Crónicas Habaneras (Segunda Parte)

Gabriel García Márquez escribió, por los años cincuenta, cuando todavía era un flaco de apariencia sarracena y firmaba su columna La Jirafa bajo el seudónimo de Septimius, que “las ciudades se pueden conocer por sus mujeres*.

La Habana firma esa sentencia sin la menor oposición. La capital cubana es como sus mujeres: desenfadada, hermosa, cálida, cadenciosa y tropical. Cualquier hombre estaría dispuesto a perder la razón por ella. La magia del Caribe, de la que tanto se ha escrito y se ha hablado, es cierta.

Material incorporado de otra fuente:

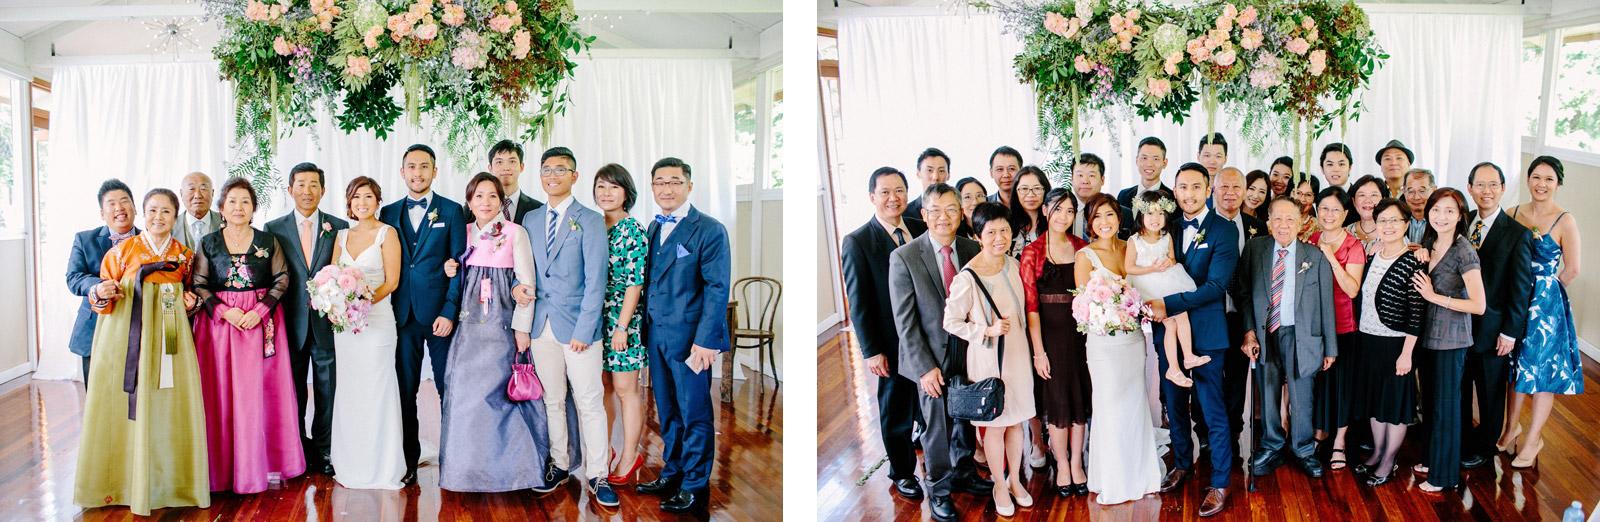 wedding-sonia-kev-060

La noche habanera recoge en su firmamento estrellas fulgurantes, esquinas prohibidas, placeres y vicios criminalizados por un sistema de contradicciones desconcertantes.

Podría describir a las mujeres de La Habana y sentiría que la describo a ella misma. Sus piernas largas y desnudas se esconden apenas en la minifalda sempiterna, como el malecón alargado se pierde en los túneles que llevan a la bahía. Los muslos definidos y generosos, asentados en caderas espléndidas, se parecen a las casas de Miramar, hoy todas convertidas en embajadas, y la Habana Vieja mira al Caribe de la misma manera en que las cubanas miran al futuro. Completas, ellas, como la Habana está completa. No le falta ni le sobra una piedra, ni un paseo, ni una plaza. En el Tropicana, el cabaré insignia del Caribe –comparable, tal vez, sólo con el Moulin Rouge de París– estas verdades encuentran su punto máximo, su expresión más genuina. Las lentejuelas y el oropel se reproducen en una sociedad carente de bambalinas, los tambores en concierto denuncian la raigambre africana de esta cultura hija de tantos puntos cardinales. Los vestidos de luces, diminutos en las mujeres y llenos de guaraguas en el caso de los hombres esconden a veces pequeños desgarros, coseduras, remiendos y una que otra lágrima de la lámpara que carga sobre la cabeza esa mulata espléndida se ha secado ya. Pequeñas evidencias de que en Cuba, la crisis afecta a todos. O a casi todos.

La Habana nos abrió los brazos, como algunos quisieran que les abran el corazón las cubanas. El sol esplendoroso del Caribe en esta época del año acostumbra a quedarse más tiempo reinando en el cielo, hasta las ocho y media, nueve de la noche. El cubano, por lo general, es amable y educado. Carmigniani siempre me ha dicho que los cubanos son unos antipáticos y, no lo duden, nos encontramos con varios. Sin embargo, son un pueblo alegre. Debe ser el Caribe lo que los pone de tan buen genio, porque siempre están sonriendo, haciendo bulla, aunque se estén muriendo de calor y sed afuera del Museo de la Revolución.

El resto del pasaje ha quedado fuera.